Окно заиндевело. Я соскребаю, прижимаюсь лбом. Темно. Только одно горит, но почему-то красным светом. Оно зашторено, и жуткий этот свет пробивается по краям.
- Не знаю, о чем ты с ней ворковал, но муж ее мне предложил работу.
- Неужели?
- Домработницей.
- Кем?
- Ну, бонной... К русским.
- Ты - домработницей?
- Почему нет? Соцобеспечение хотя бы будет. А то даже к врачу ребенка не сводить.
- С твоим дипломом, с языками? Неужели, - говорю я, - неужели твой отец покорил эту пирамиду, чтобы ты... Неужели все это напрасно? Полмира убитых и эта пирамида...
- Какая пирамида? Что за бред?
- Хеопса!
Одним ударом я выбиваю стекло. После паузы осколки разбиваются внизу, в крысином пятачке двора. Она меня втаскивает обратно, и вовремя: сверху, вырвав замазку, лезвием гильотины выпадает часть стекла и разлетается по кухне.
Я зажимаю себе запястье. Руку я держу подальше, чтобы не запачкаться в своей крови.
Кап-кап - пятнает она плитки. Моя кровь.
- Чем же ты писать теперь будешь?
- Ногой.
В издательстве на рю Жакоб беглый советский писатель выкладывает на стол свою советскую книжку и убирает перевязанную руку.
- Рассказы? Во Франции нет спроса, это в Америке...
- Что же, мне в Америку бежать?
- Роман у вас есть? Чего нет, того нет.
- Вот если бы роман...
Ступени деревянной лестницы круты по-дантовски и взвизгивают.
Из-за стекол кафе "Флор" парижские интеллектуалы, щурясь на солнце, созерцают толчею, а заодно и нас, садящихся на скамью посреди площади Сен-Жермен-де-Пре. Одеты мы на грани приличия, да и бинт мой на руке не первой свежести. Я затягиваюсь до дрожи пальцев на губах, ощущая, как вздувается желвак под ее взглядом.

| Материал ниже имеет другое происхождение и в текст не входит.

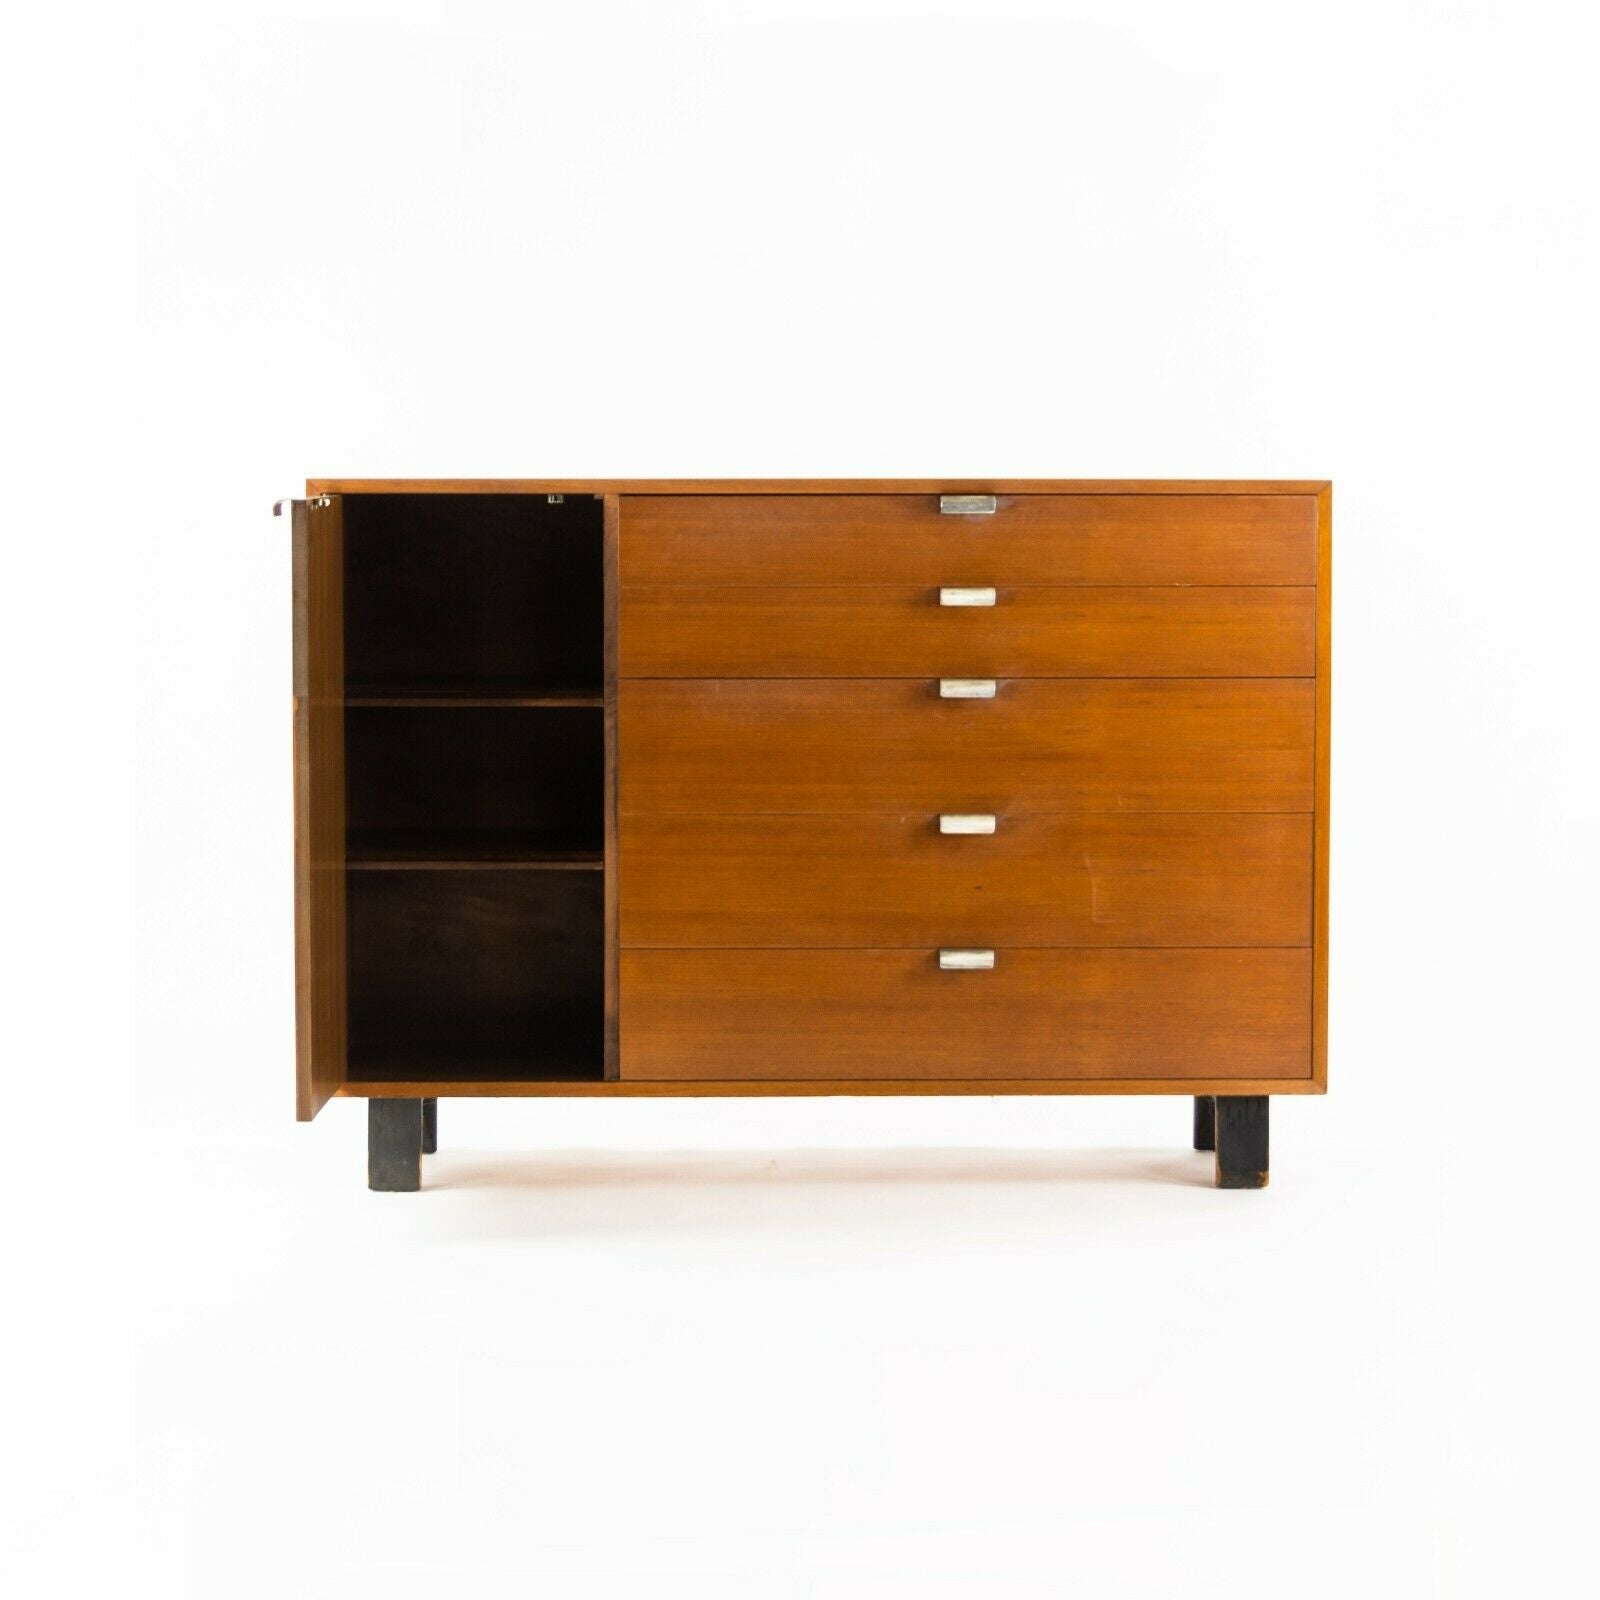 1954 George Nelson Herman Miller Basic Cabinet Series 4936 Credenza / Dresser

- Страна романа. Я предупреждала...
Я отстреливаю окурок.
- Пошли.
Дома я ввинчиваю лист в машинку. С этой портативки с русским шрифтом началась моя свобода. Над забитым входом в дом напротив проступает замалеванная надпись. Январское солнце уходит с улицы, но верхний этаж еще освещен. Его окна заложены кирпичной кладкой. Выстрела оттуда можно не ждать.
- Хочешь кофе?
Зная, что в доме этого нет:
- Водки! - говорю я, - ма шери. Стакан - и мы с тобой вернемся на круги своя. Но только чтоб граненый и до краев.
Амур, амор...
Иль не возьмем "страну романа"? После всего, что мы перенесли? После всего, что потеряли? Нет, верю, что в крысином тупике хранят нас тени Федора Михайловича и Мигуэля де. Нет, нет. Не все еще потеряно.
Прикурив последнюю, я наклоняюсь подсунуть под хромую ножку спрессованную пачку из-под "голуазов" - чтобы со всем комфортом расправить крылья своего "колибри".
ВМЕСТО ЭПИЛОГА:
ГЛАВА ПЕРВАЯ
Они выходили, чтобы ехать на митинг в Трокадеро, когда зазвонил телефон. "Нас уже нет во Франции", - сказал отец, но Инеc бросилась обратно.
"Алло, Париж? Москву вызывали?"
И потом он - Александр:
- Шери, шери?
Он сказал, что получил еще одно приглашение, на этот раз от ее тети из Андалузии - столько гербовых марок и новых королевских печатей на сургуче, что хоть на стену вешай. ОВИР же немотствует - молчит. Что в общем нельзя считать плохой новостью, поскольку отказа тоже нет. Что он по-прежнему такой же нежный. Что любит, помнит, целует повсюду...
"Прекратите непристойности, а то разъединю".